··· DATA ···

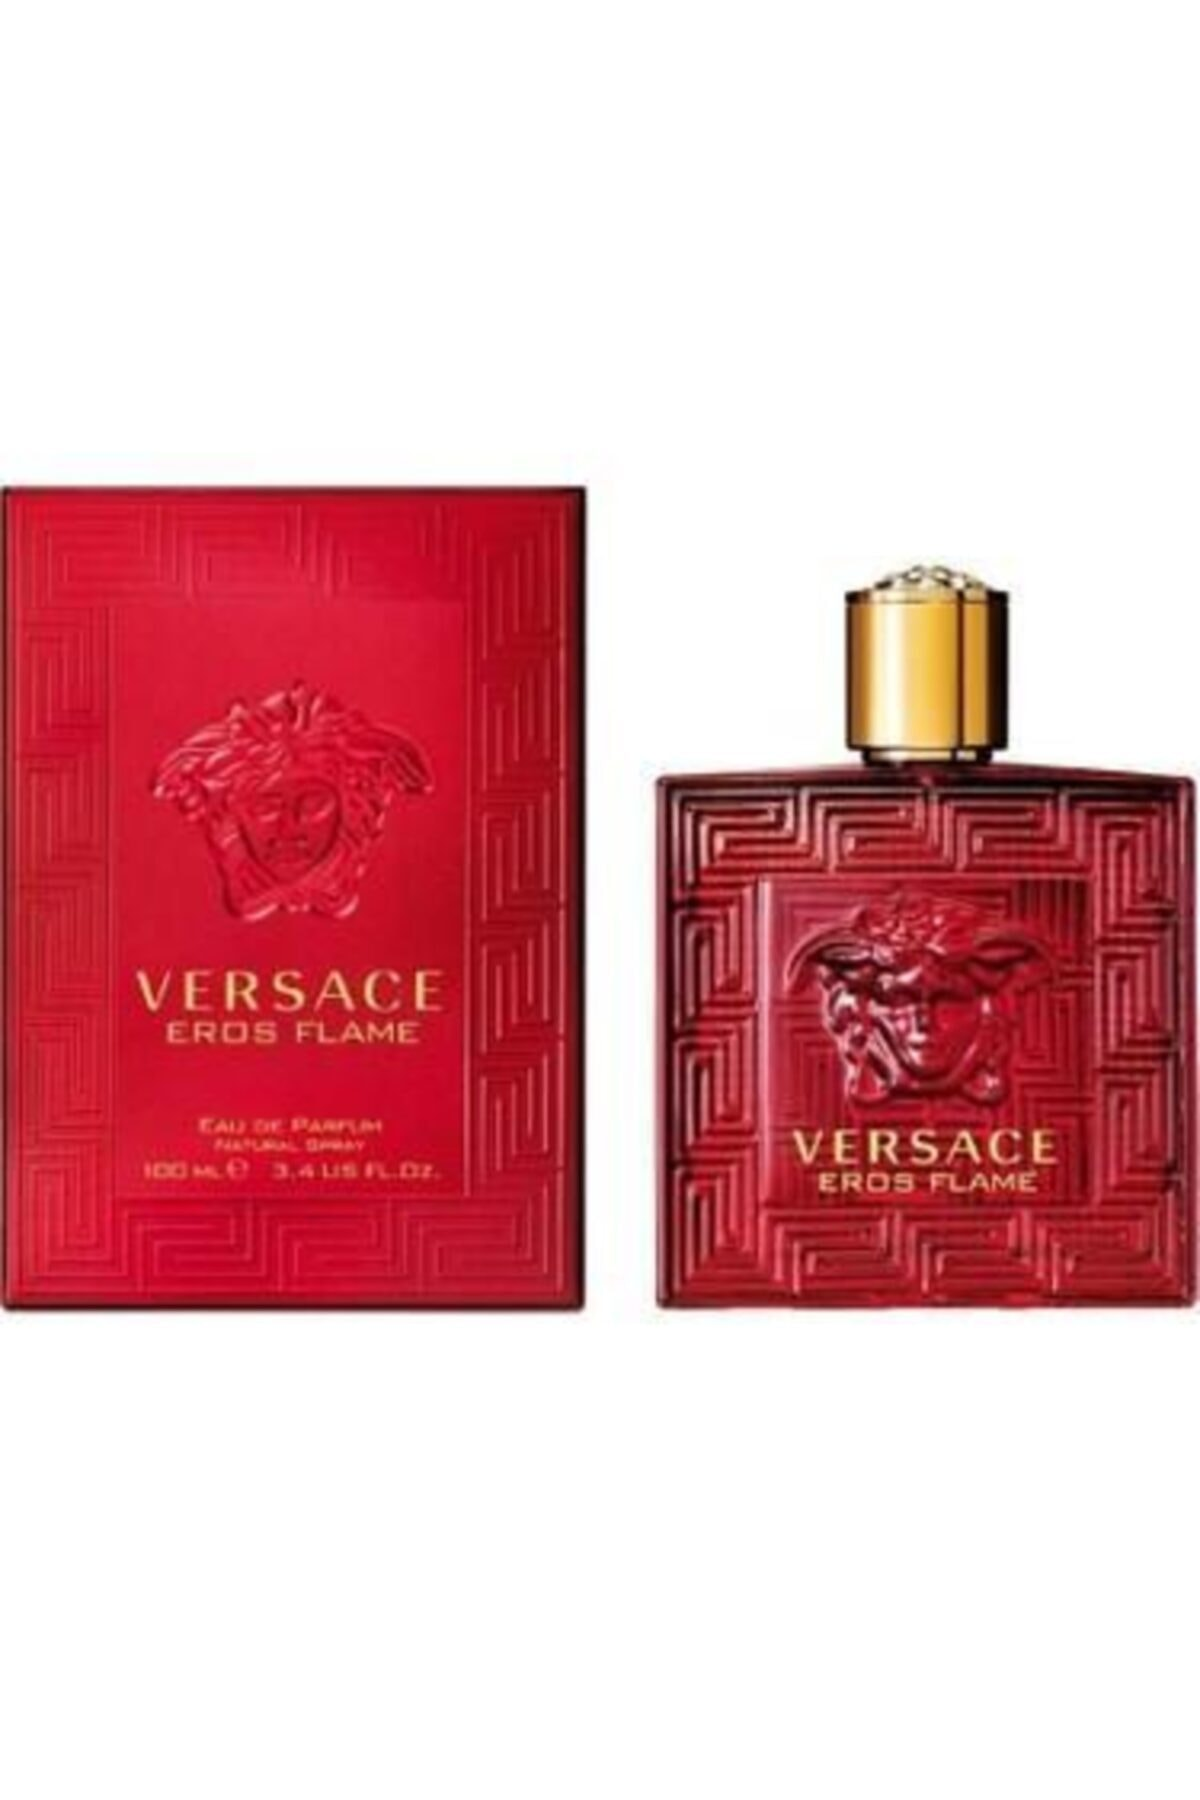 Versace Eros Flame Edp 100 ml Erkek Parfüm 8011003845354 2
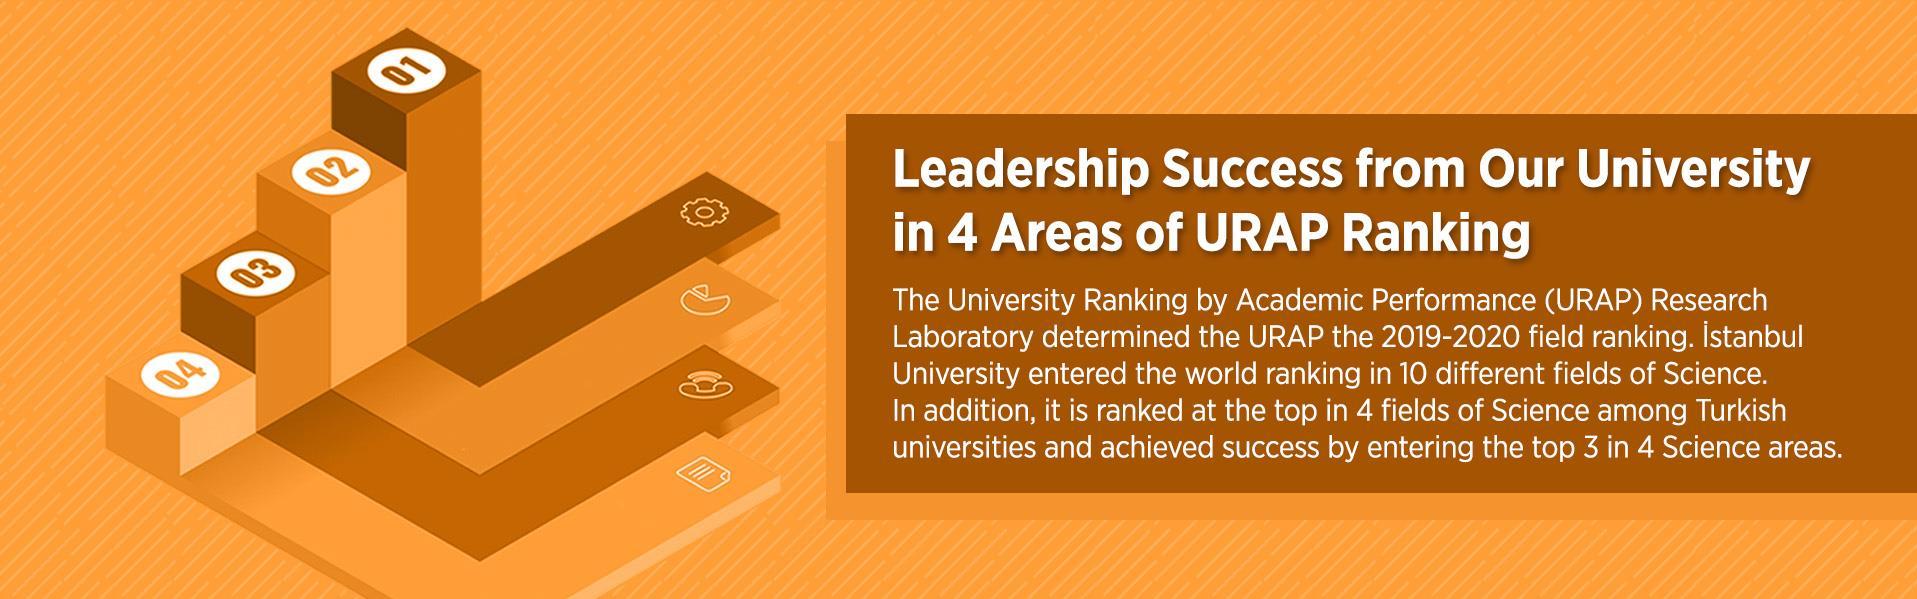 URAP ranking
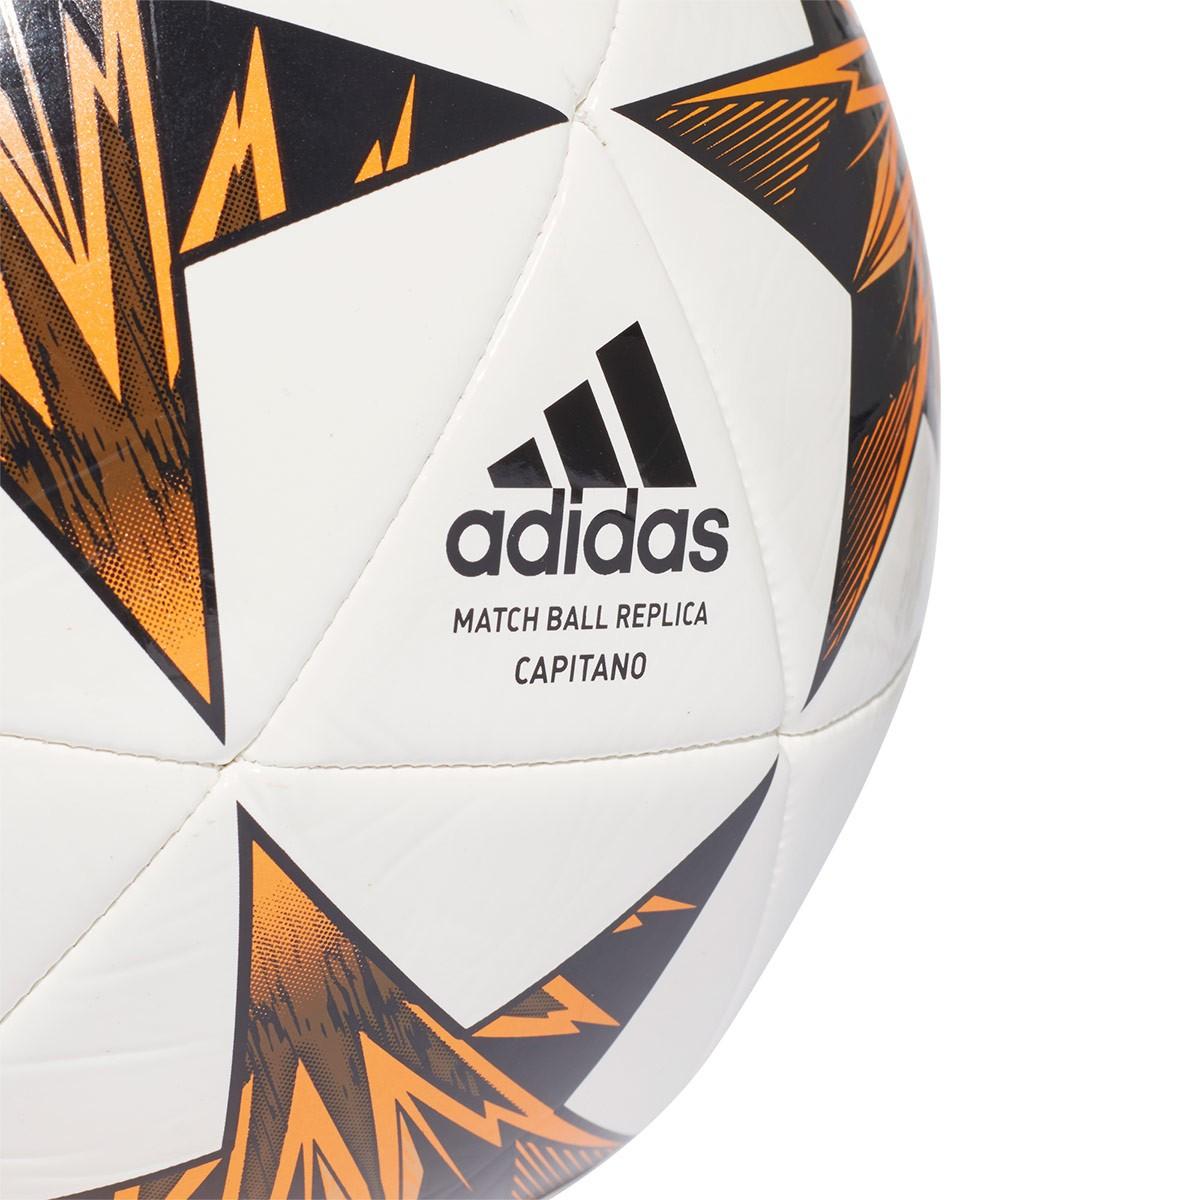 c2acc695d840e Bola de Futebol adidas Finale Kiev Capitano White-Black-Trace olive-Core  black-Bright ora - Loja de futebol Fútbol Emotion

···

ABOUT THIS TASK:
Hand back the data above exactly, with no images.

RESPONSE:
 Versace Eros Flame Edp 100 ml Erkek Parfüm 8011003845354 2
 URAP ranking
 c2acc695d840e Bola de Futebol adidas Finale Kiev Capitano White-Black-Trace olive-Core  black-Bright ora - Loja de futebol Fútbol Emotion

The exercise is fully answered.